=== Section Start ===

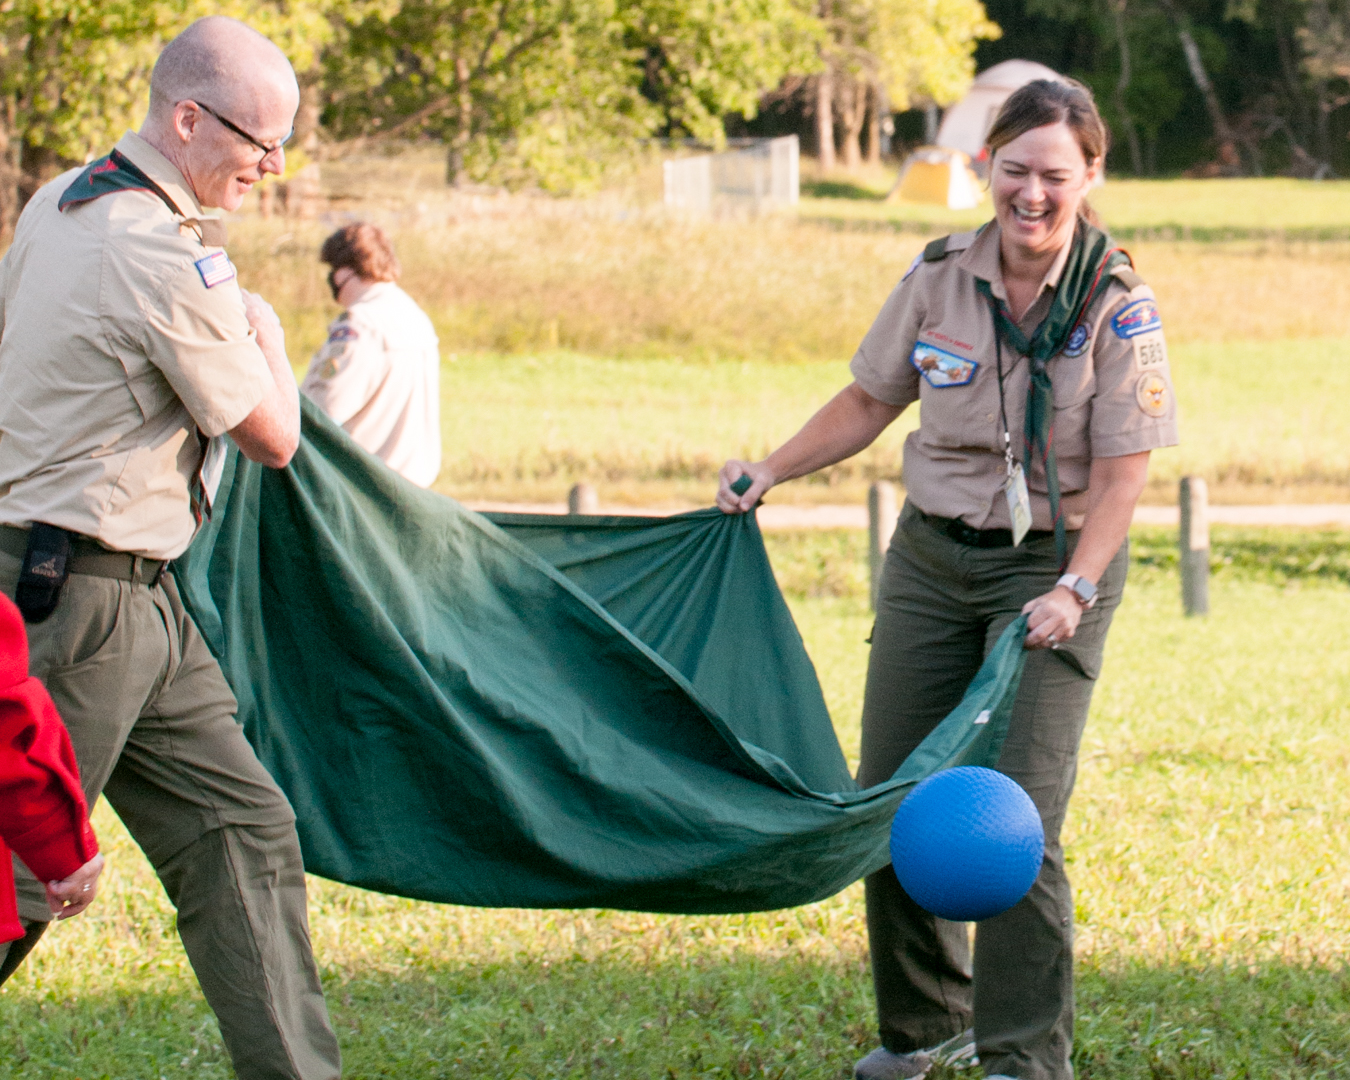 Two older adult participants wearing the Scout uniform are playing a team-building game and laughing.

=== Section End ===
=== Section Start ===

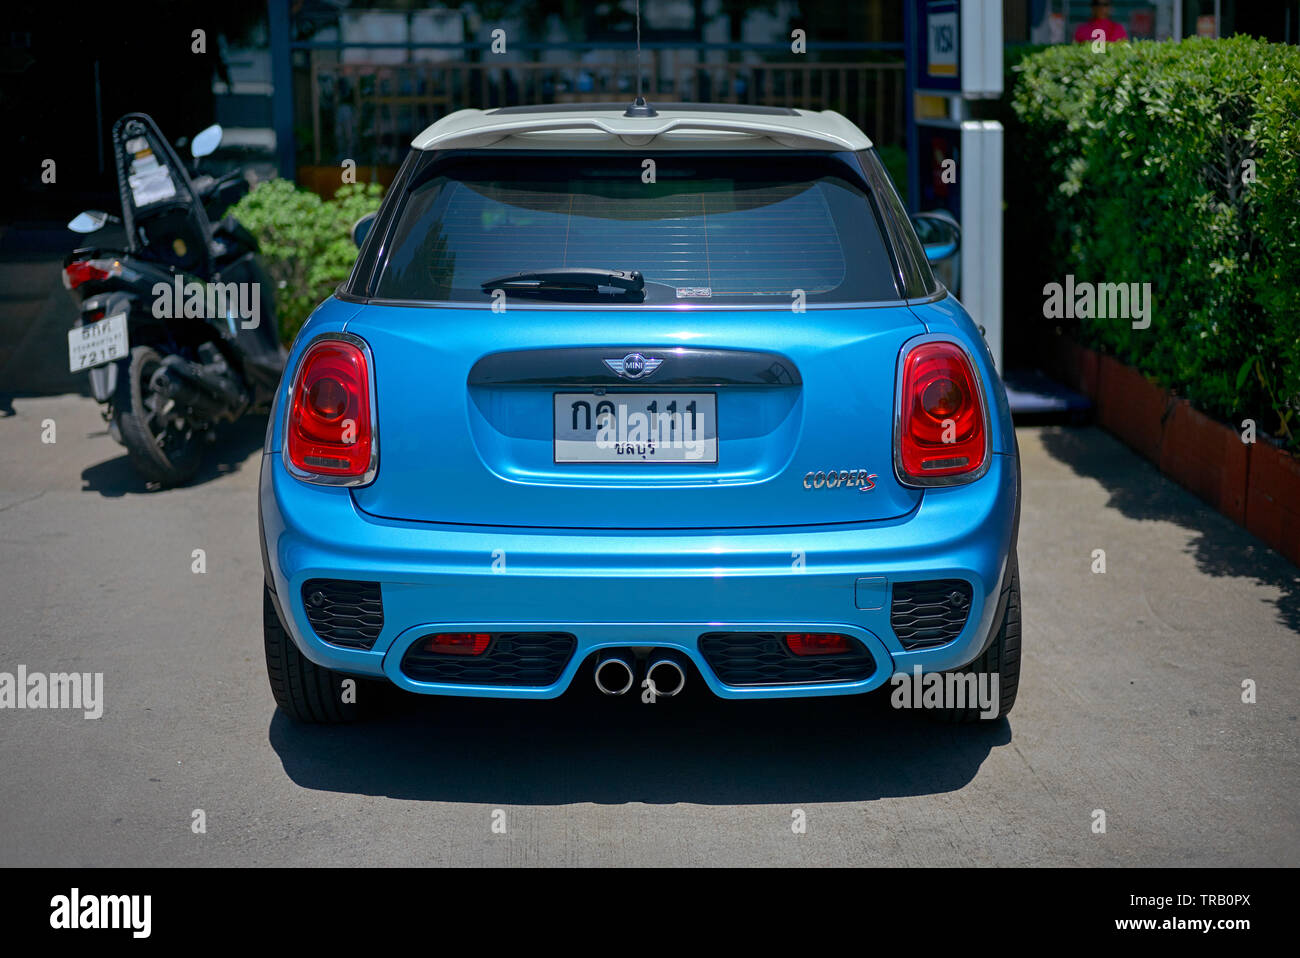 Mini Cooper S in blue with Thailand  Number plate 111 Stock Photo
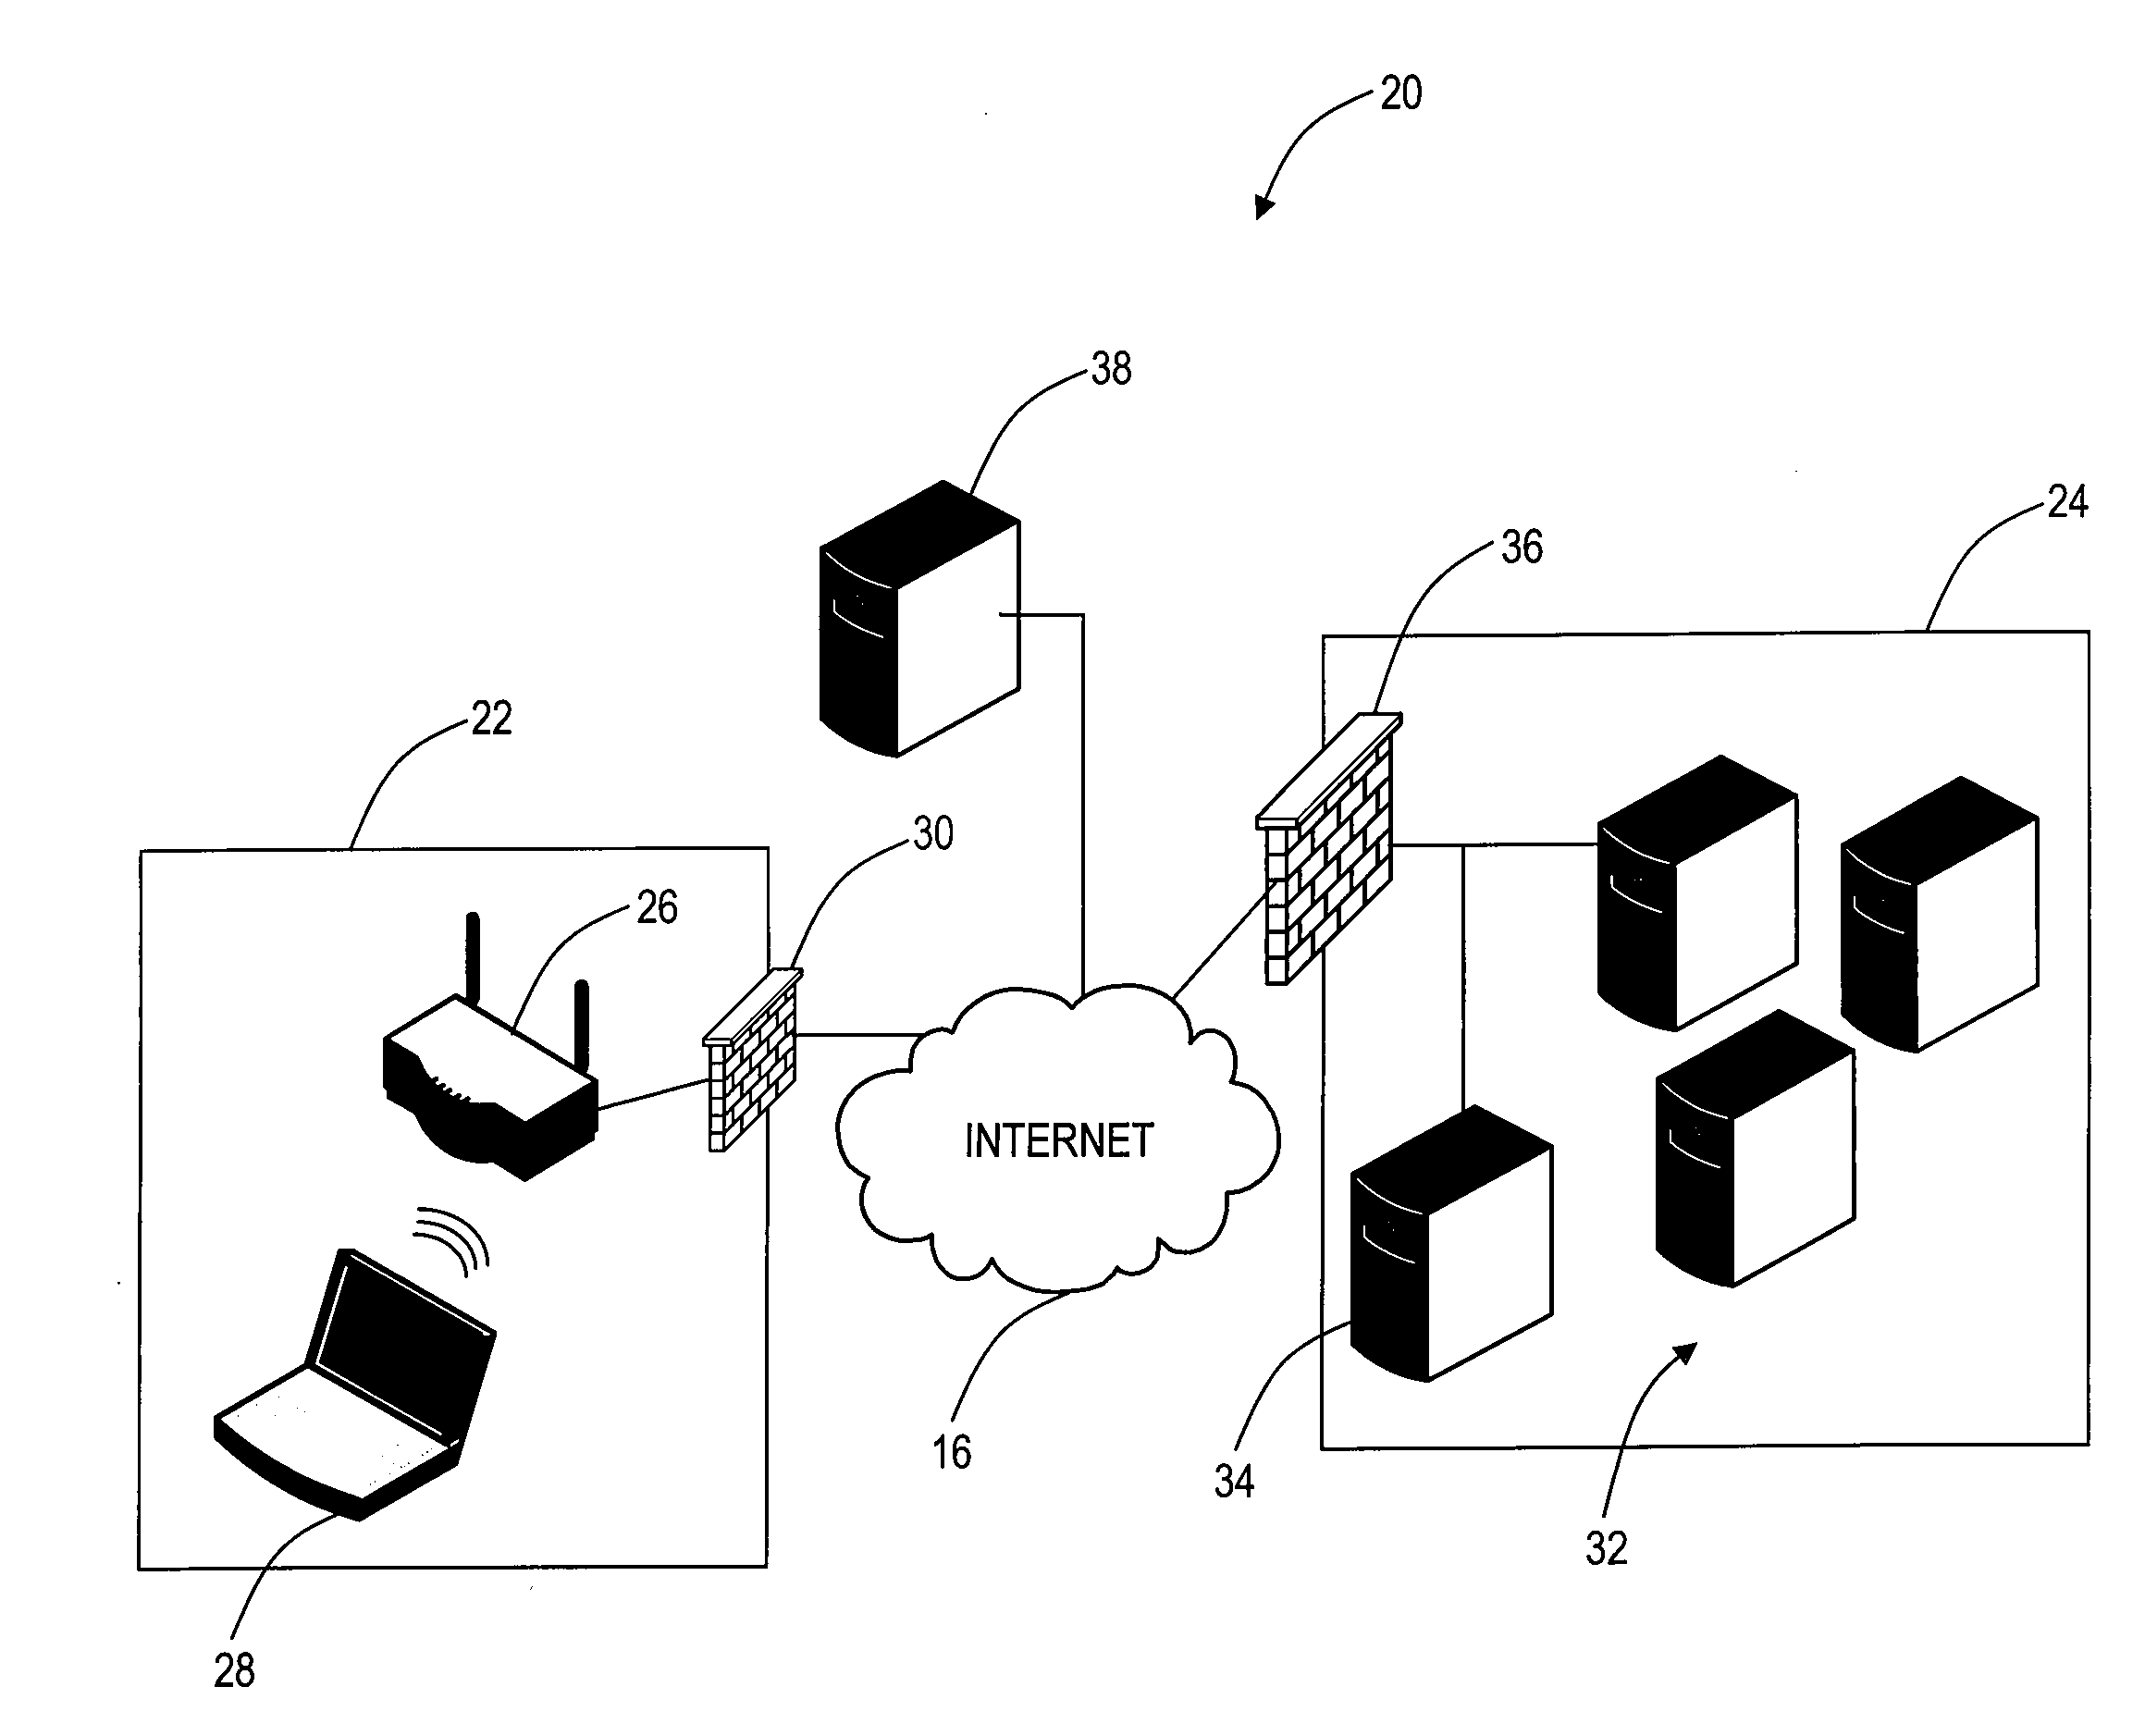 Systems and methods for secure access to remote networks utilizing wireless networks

=== Section End ===

#### [WHAT NEEDS TO BE DONE]
From the records above, copy only the lines running from the line holding "Mini Cooper S" through the line holding "Systems and methods", with no pictures.

#### [OUTPUT FOR THIS TASK]
 Mini Cooper S in blue with Thailand  Number plate 111 Stock Photo
 Systems and methods for secure access to remote networks utilizing wireless networks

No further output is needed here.